Time-Series Modeling of High-Resolution Radio Spectra
Abstract: We present a modeling technique to characterize high-resolution radio spectra based on ARIMA (AutoRegressive Integrated Moving Average) modeling from statistical time series analysis. ARIMA isolates the dependence of a spectrum's shape upon both its signal and structured noise components, making fewer assumptions about a spectrum's velocity structure than standard Gaussian component fitting, and is intended to serve as a complement to the latter. Structural dependence modeling can: improve summary moment calculations, provide alternative approaches to signal noise estimation (which can be modeled channel-wise if desired), and help characterize the provenance of any observed structure in a cube's spectra (as signal, structured noise, or white noise). ARIMA modeling is computationally lightweight, backed by statistical theory and, as a first step to an analytical pipeline, can inform further downstream tasks such as identifying when Gaussian component fitting is appropriate.

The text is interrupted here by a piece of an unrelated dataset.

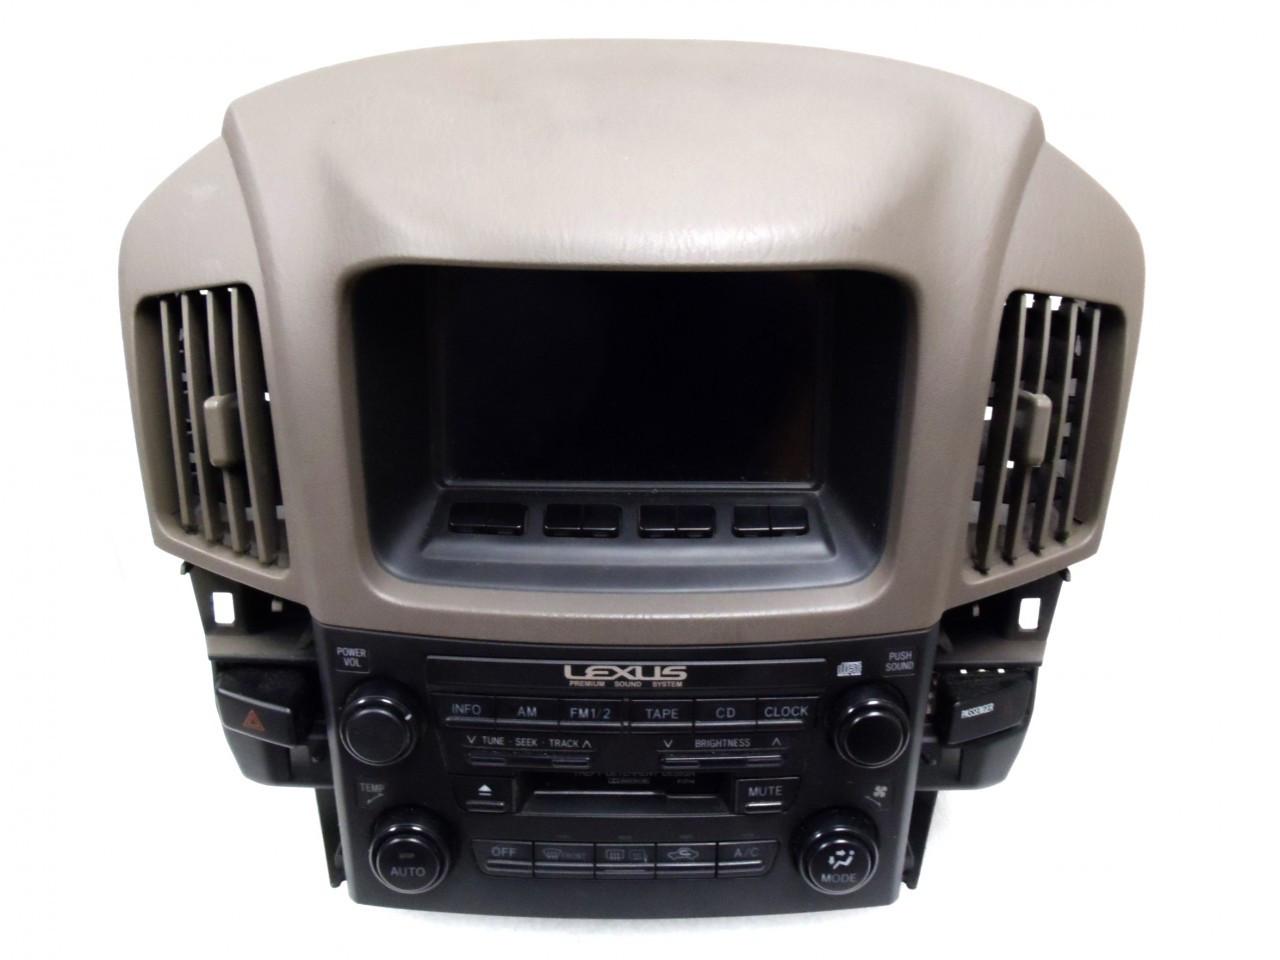 LEXUS RX300 Premium Sound System Radio Stereo Tape Player Climate Controls  P1714 1999 2000 2001 2002 2003
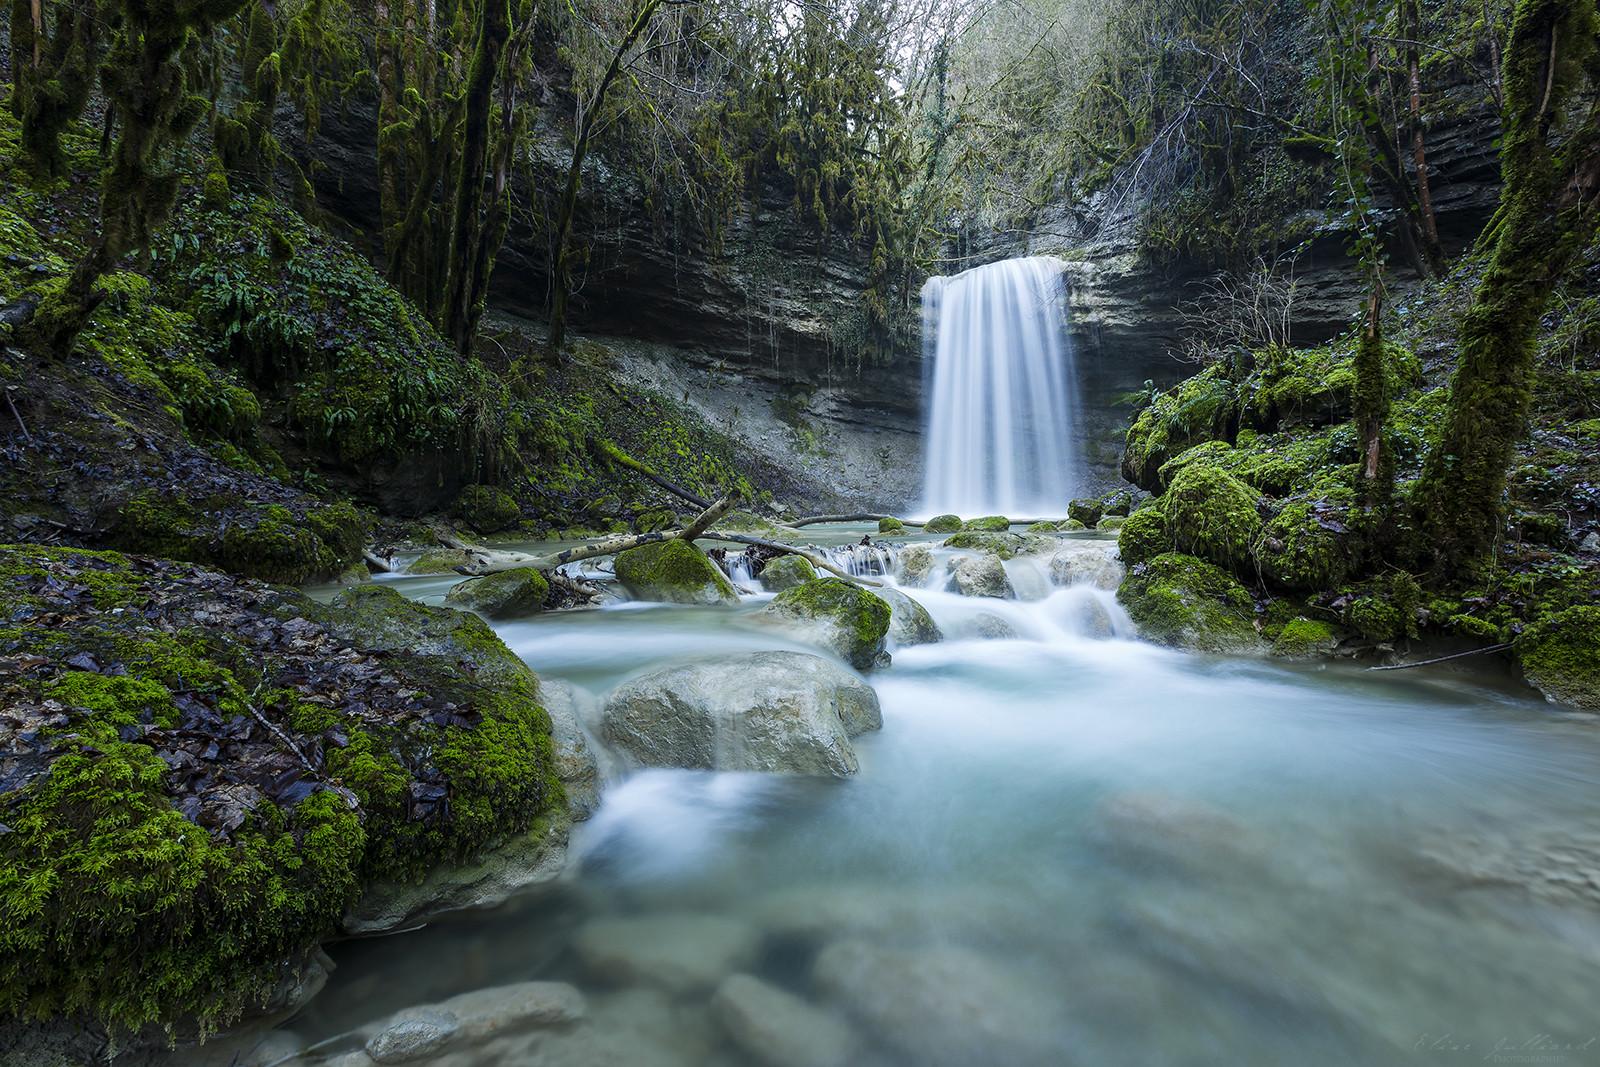 elise-julliard-photographe-rhone-alpes-ain-bugey-foret-mousse-riviere-photo-cascade

Speaker Bio: Josh Taylor is a Research Associate in the Oden Institute for Computational Engineering and Sciences at The University of Texas at Austin. His research advances unsupervised machine learning methods for use in unbiased, data-driven exploratory, summary, and inferential analysis of astrophysical data; in particular, of data arising from observations and simulations of the star formation process. Dr. Taylor received his PhD in statistics from Rice University.